不安障害に対する新しい画期的な治療法が開始:従来の薬剤と異なるアプローチ (4/7ページ)
セロトニンのレベルが高くなると、最終的には気分が改善される可能性がありますが、そこに到達するのは遅くて焦ってしまう旅であると人々は感じるかもしれません。そして、SSRIを使用している人の30%ほどは、その状態に到達することができず、不安やうつ病の軽減をほとんど、あるいはまったく受けていないことも分かっています。
不安症状が軽減されるかどうかを知るために数週間待つだけでなく、従来の薬を使用すると不快な、さらには危険な副作用が発生するリスクもあります。
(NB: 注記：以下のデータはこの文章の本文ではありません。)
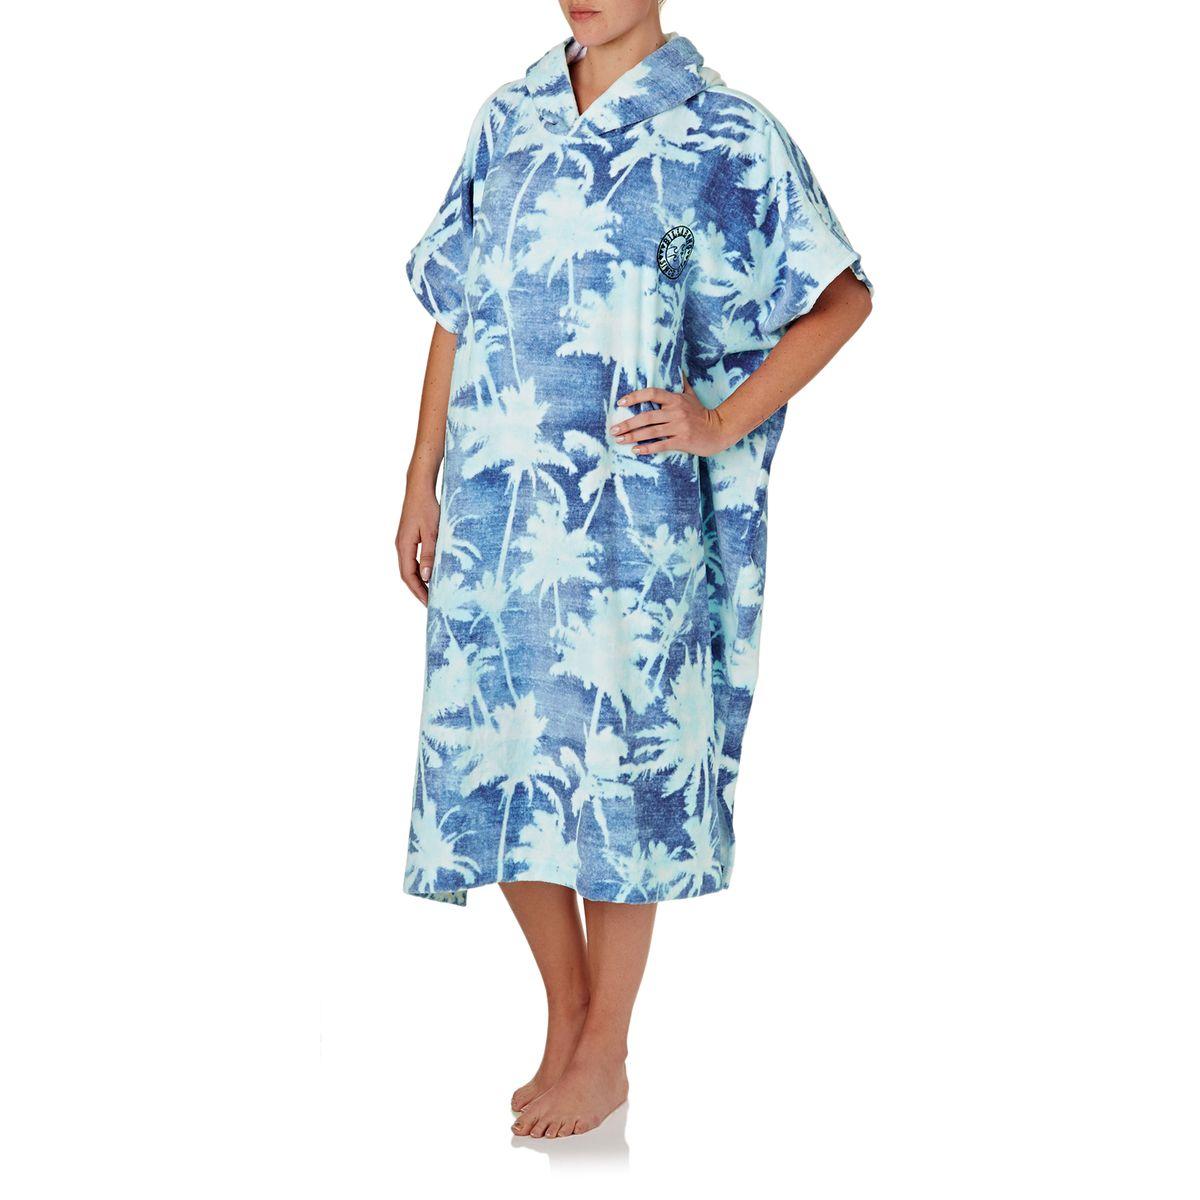 Billabong Surf Poncho Towel - Towel Image Aginggracefullyshow Com

SSRI、SNRI、三環系薬剤には、震え、興奮、気分が悪くなる、下痢や便秘、めまい、睡眠障害、過度の発汗、性機能障害など、同様の副作用があります。ベンゾジアゼピン系は依存性または依存症になる高いリスクを伴います。副作用としては、眠気、ふらつき、混乱、めまい、筋力低下、記憶障害、認知機能の低下、吐き気などがあります。ベンゾジアゼピン系はオピオイドと組み合わせると特に危険であり、極度の疲労、危険なほど遅い呼吸、昏睡、または死に至る可能性もあります。
ケタミンは、低用量では依存性や望ましくない副作用のリスクがほとんどありません。うつ病の治療におけるケタミンの利点についてはさらに多くの研究が行われていますが、不安症にもケタミンが有効であることが研究でわかっています。最近発表された不安障害に対するケタミンを評価するメタ分析では、治療抵抗性の不安スペクトラム障害に対してもケタミンは安全で効果的であることが判明しました。研究参加者のほとんどは、社会的機能や仕事上の機能の改善など、優れた治療反応を達成しました。
④ ケタミンについて、その危険性、依存性について
ケタミンは、50年以上の歴史を持つ広く使われている全身麻酔薬で、最近では精神障害や慢性疼痛の治療にも使われてきました。症状の軽減に時間がかかる従来の薬とは異なり、ケタミンは投与後数時間から最長3週間以内に急速な緩和をもたらします。さらに、長期的な副作用も少なく、有望な治療法であるとされています。
ケタミンは、2007年以来、日本では麻薬及び向精神薬取締法の麻薬に指定されており、乱用が問題視されています。一時期は「K」や「スペシャルK」として知られ、幻覚作用があることからクラブでの流通も見られました。